O foco do evento era levar alegria para a periferia, e foi isso que aconteceu em 24 de março deste ano, um dia de festa e comemoração para a quebrada. “Essas coisas que estamos fazendo está mudando a história do cenário nerd mesmo. A gente é foda!” Sobre o que ficou de mais marcante no evento, Igor conta a história de uma menina que não foi aceita no Beco do Artistas por causa do número máximo de exposições que a sala comportava. Entre muitas inscrições, o grupo escolheu 44 artistas e mesmo assim, a menina veio do Rio de Janeiro até o Capão Redondo, apenas com uma pasta contendo os prints dos seus desenhos. Por força do destino (para quem acredita), uma pessoa que havia sido escolhida não compareceu, então ela conseguiu ocupar o lugar. “Estava acabando o evento, ela veio e me abraçou muito forte e começou a chorar. Eu não estava entendendo, mas comecei a chorar também. Eu não acompanhei esta história do início, mas ela me contou e disse que conseguiu vender tudo e teve dinheiro pra voltar pro Rio”. De um evento com uma ideia pequena, voltado ao público nerd, surgiram muitas histórias, muitos projetos e o principal: o resgate da cultura periferiana. Esse caso exemplifica o cotidiano e de como é viver nesse lugar. As periferias são compostas de pessoas que acreditam, que não desistem, que já possuem o não, mas vão atrás do sim. Como diria Rashid em sua música ‘Não é desenho’, que foi apresentada no evento e o clipe virou uma mesa de debates com o próprio rapper:
“Do gueto vem, do gueto são um milhão de talento, muitas vez sem opção, mas que tão na função de mostrar que eles são bem maior que sua discriminação. Jão, ta na hora de mudar essa condição”.
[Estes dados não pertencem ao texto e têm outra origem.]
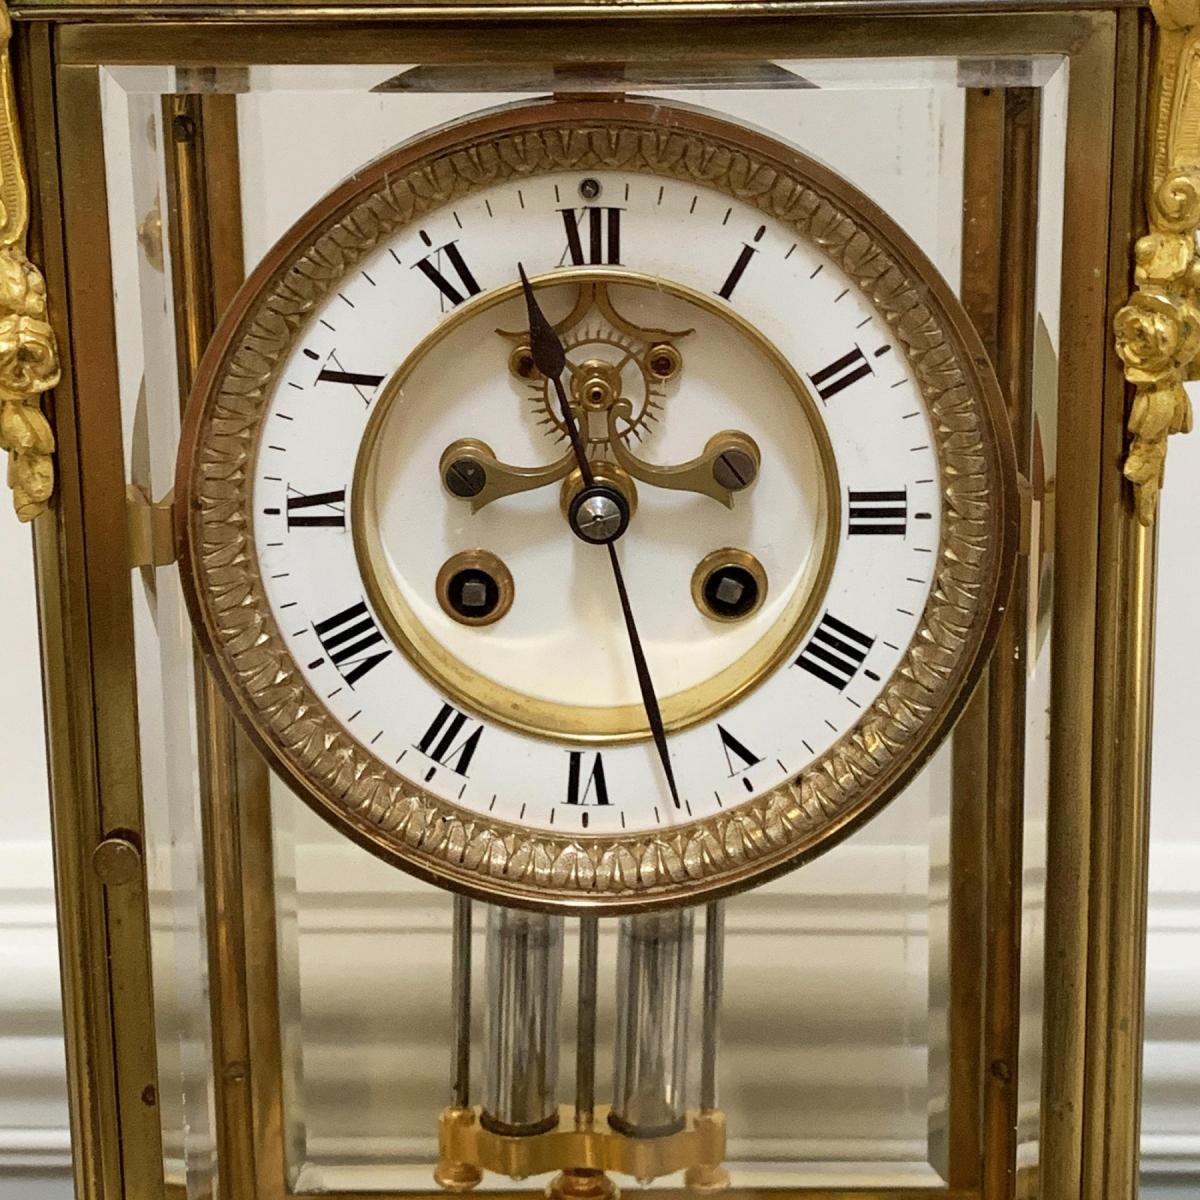 French 8 Day Striking Four Glass Ormolu Clock By Samuel Marti Paris, 19th Century

“Se você quer falar sobre periferias, primeiro tenha pessoas desses lugares na sua empresa, porque pra falar precisa ter conhecimento e saber chegar, pisar devagar, falamos isso principalmente para as que desejam entrar no PerifaCon. Não queremos virar um shopping center e nem vamos virar, mas a gente quer que as marcas estejam ali para fazerem diferença, que tenha sentido elas estarem lá e que deixem marcado quem esteve no evento.”